RAW DATA:
****
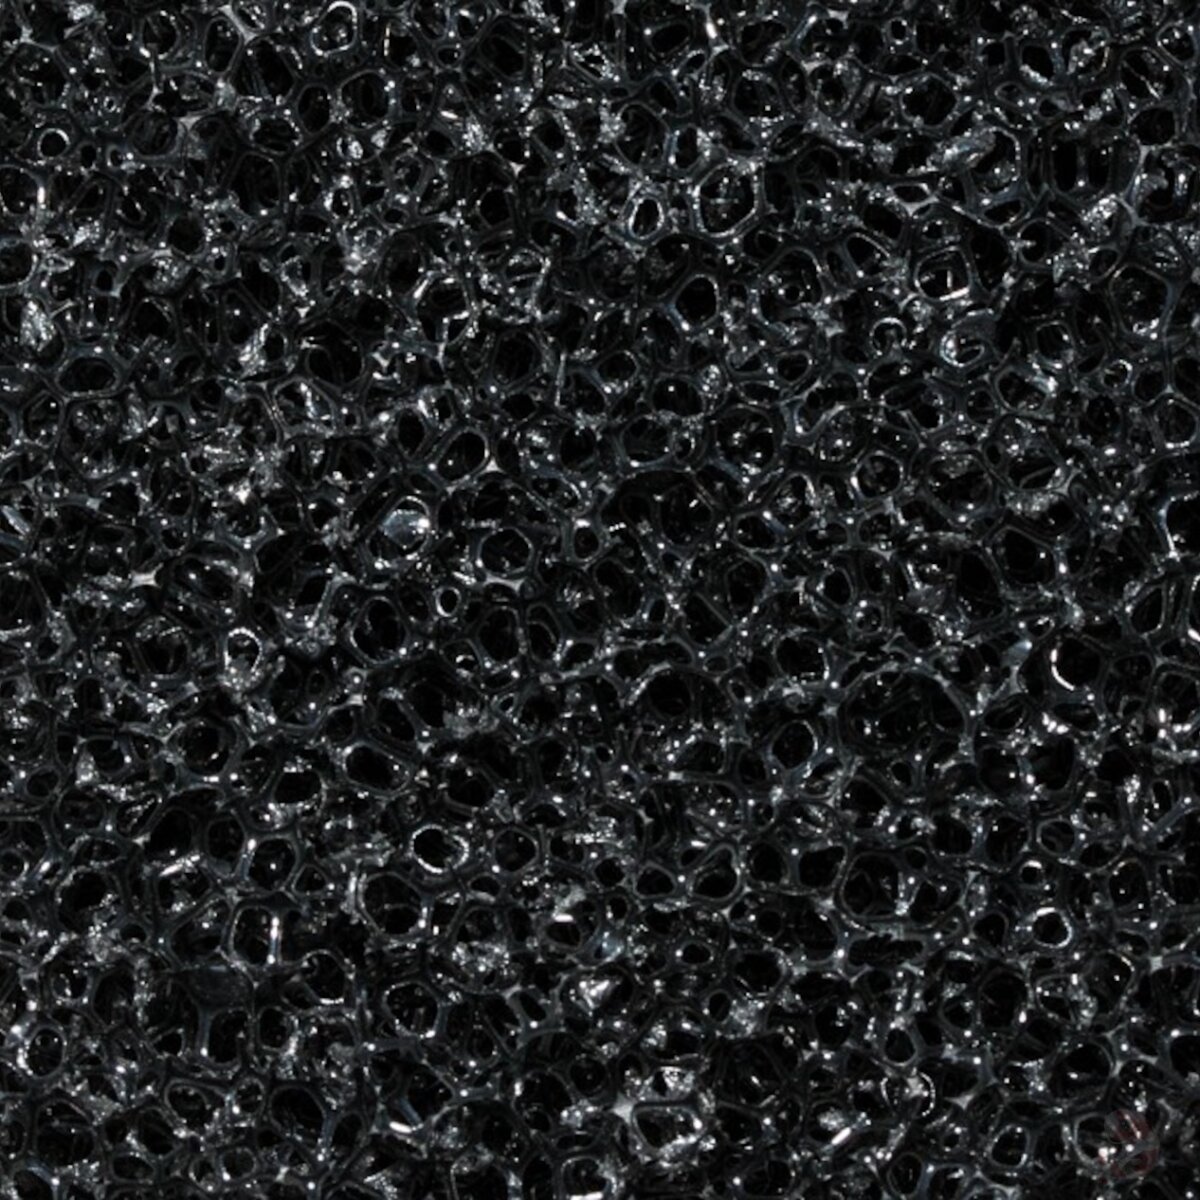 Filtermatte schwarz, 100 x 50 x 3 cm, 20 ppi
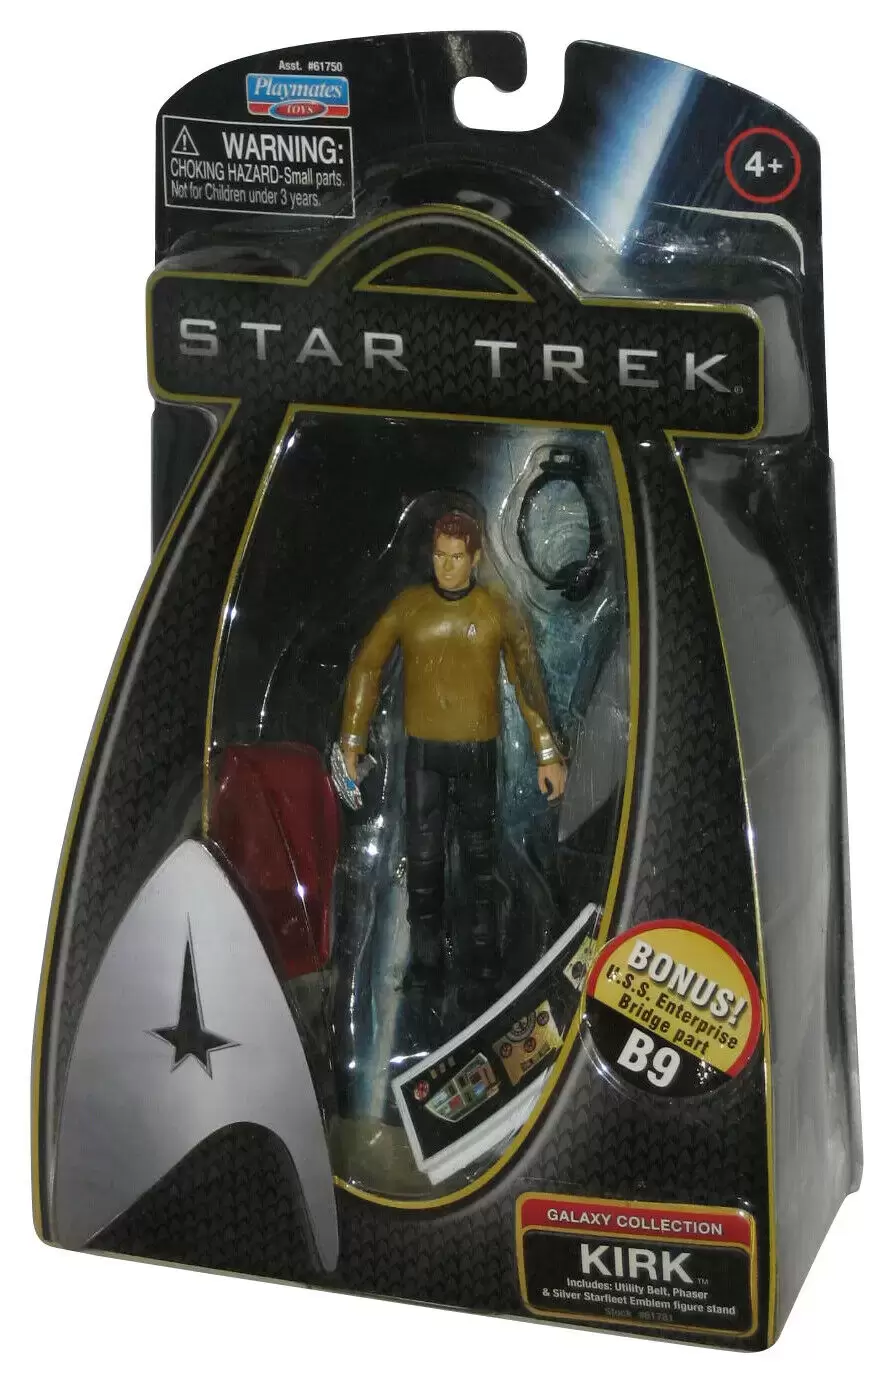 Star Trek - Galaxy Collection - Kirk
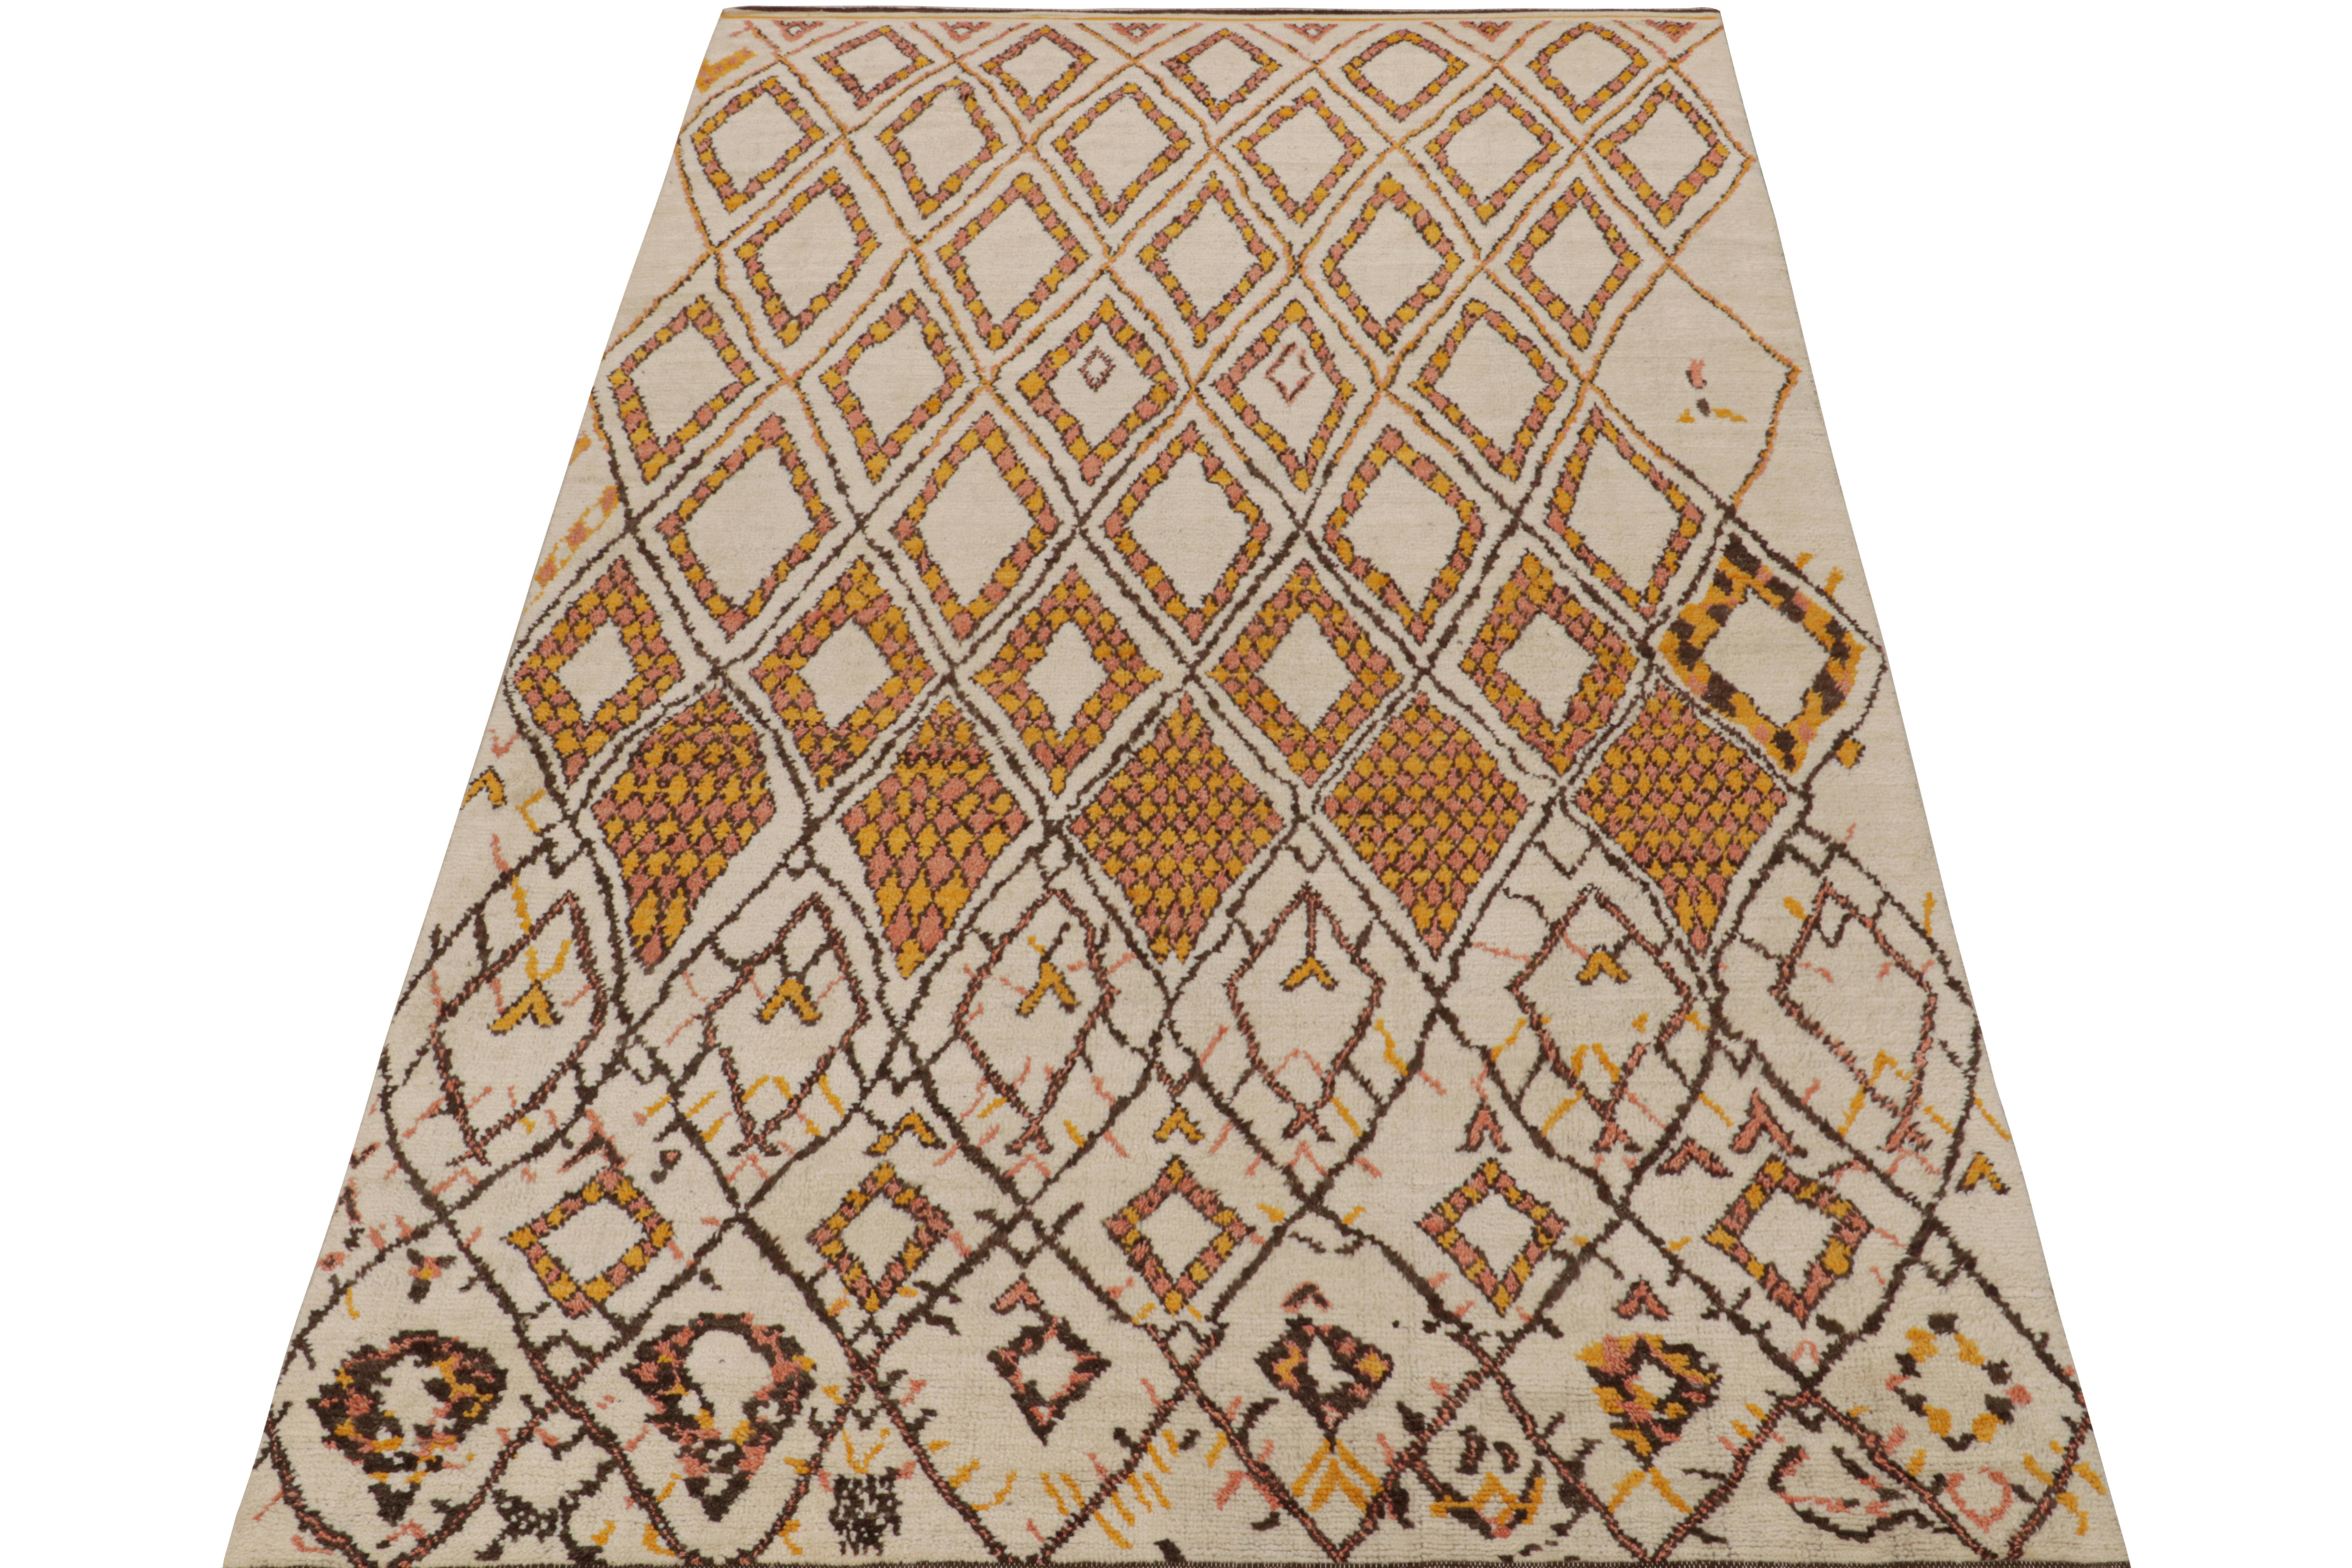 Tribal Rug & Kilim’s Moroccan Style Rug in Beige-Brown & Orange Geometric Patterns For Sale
****
TASK BRIEF: Each line from the one containing "Star Trek - Galaxy Collection - Kirk" through the last line of the data should be written out exactly. Skip the pictures, and add no other lines.

YOUR RESPONSE:
 Star Trek - Galaxy Collection - Kirk
 Tribal Rug & Kilim’s Moroccan Style Rug in Beige-Brown & Orange Geometric Patterns For Sale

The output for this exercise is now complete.